With that watch running every 0.1s go and add in your 2nd sub volume of either 1 brick (as in distribute) or two bricks (for replicate) and you should also get the error.

It may help if you setup some VirtualBox nodes to test with as I've found that slower systems create this problem quicker.

Hope this helps and please shout if you want me to test some RPM's or something?

Rich

Comment 9 Richard 2013-01-15 16:38:17 UTC

I don't know if this will help, but I get lots of these in my logs when it happens.

For reference "md0" is the name of the gluster volume and "recon" is the only file in the volume.

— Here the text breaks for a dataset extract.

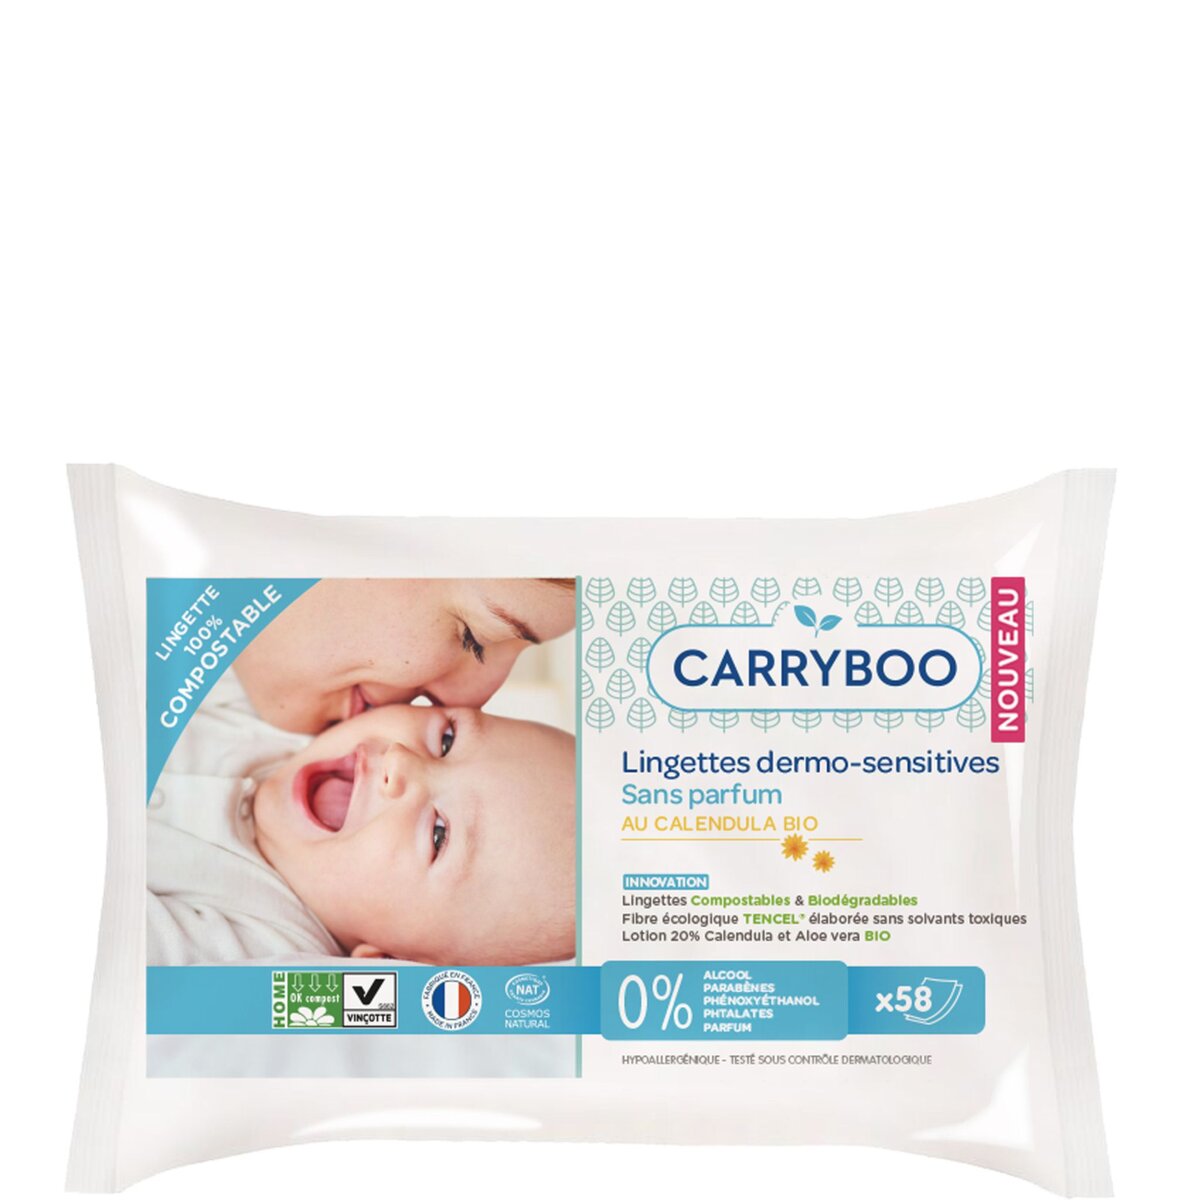 CARRYBOO Lingettes dermo-sensitives au calendula bio pour bébé 58 lingettes

[2013-01-15 16:34:40.795592] W [fuse-bridge.c:292:fuse_entry_cbk] 0-glusterfs-fuse: 16499: LOOKUP() /recon => -1 (Invalid argument)
[2013-01-15 16:34:40.795660] W [dht-layout.c:186:dht_layout_search] 1-md0-dht: no subvolume for hash (value) = 3228047937
[2013-01-15 16:34:40.795670] E [dht-common.c:1372:dht_lookup] 1-md0-dht: Failed to get hashed subvol for /recon
[2013-01-15 16:34:40.795680] W [fuse-bridge.c:292:fuse_entry_cbk] 0-glusterfs-fuse: 16500: LOOKUP() /recon => -1 (Invalid argument)
[2013-01-15 16:34:40.795827] W [dht-layout.c:186:dht_layout_search] 1-md0-dht: no subvolume for hash (value) = 3228047937
[2013-01-15 16:34:40.795843] E [dht-common.c:1372:dht_lookup] 1-md0-dht: Failed to get hashed subvol for /recon
[2013-01-15 16:34:40.795854] W [fuse-bridge.c:292:fuse_entry_cbk] 0-glusterfs-fuse: 16501: LOOKUP() /recon => -1 (Invalid argument)
[2013-01-15 16:34:40.892750] I [client-handshake.c:1636:select_server_supported_programs] 1-md0-client-1: Using Program GlusterFS 3.3.1, Num (1298437), Version (330)
[2013-01-15 16:34:40.920663] I [client-handshake.c:1433:client_setvolume_cbk] 1-md0-client-1: Connected to 169.254.0.44:24009, attached to remote volume '/mnt/md0/brick1'.
[2013-01-15 16:34:40.920744] I [client-handshake.c:1445:client_setvolume_cbk] 1-md0-client-1: Server and Client lk-version numbers are not same, reopening the fds
[2013-01-15 16:34:40.921550] I [client-handshake.c:453:client_set_lk_version_cbk] 1-md0-client-1: Server lk version = 1

Comment 10 Richard 2013-01-17 10:57:09 UTC

Hmmm, i've updated to Fedora 18 and installed Gluster with these RPM's:

# rpm -qa | grep gluster
glusterfs-fuse-3.3.1-4.fc18.x86_64
glusterfs-rdma-3.3.1-4.fc18.x86_64
glusterfs-3.3.1-4.fc18.x86_64
glusterfs-geo-replication-3.3.1-4.fc18.x86_64
glusterfs-server-3.3.1-4.fc18.x86_64

And the problem doesn't seem to happen any more... well, at least I've not been able to reproduce it yet.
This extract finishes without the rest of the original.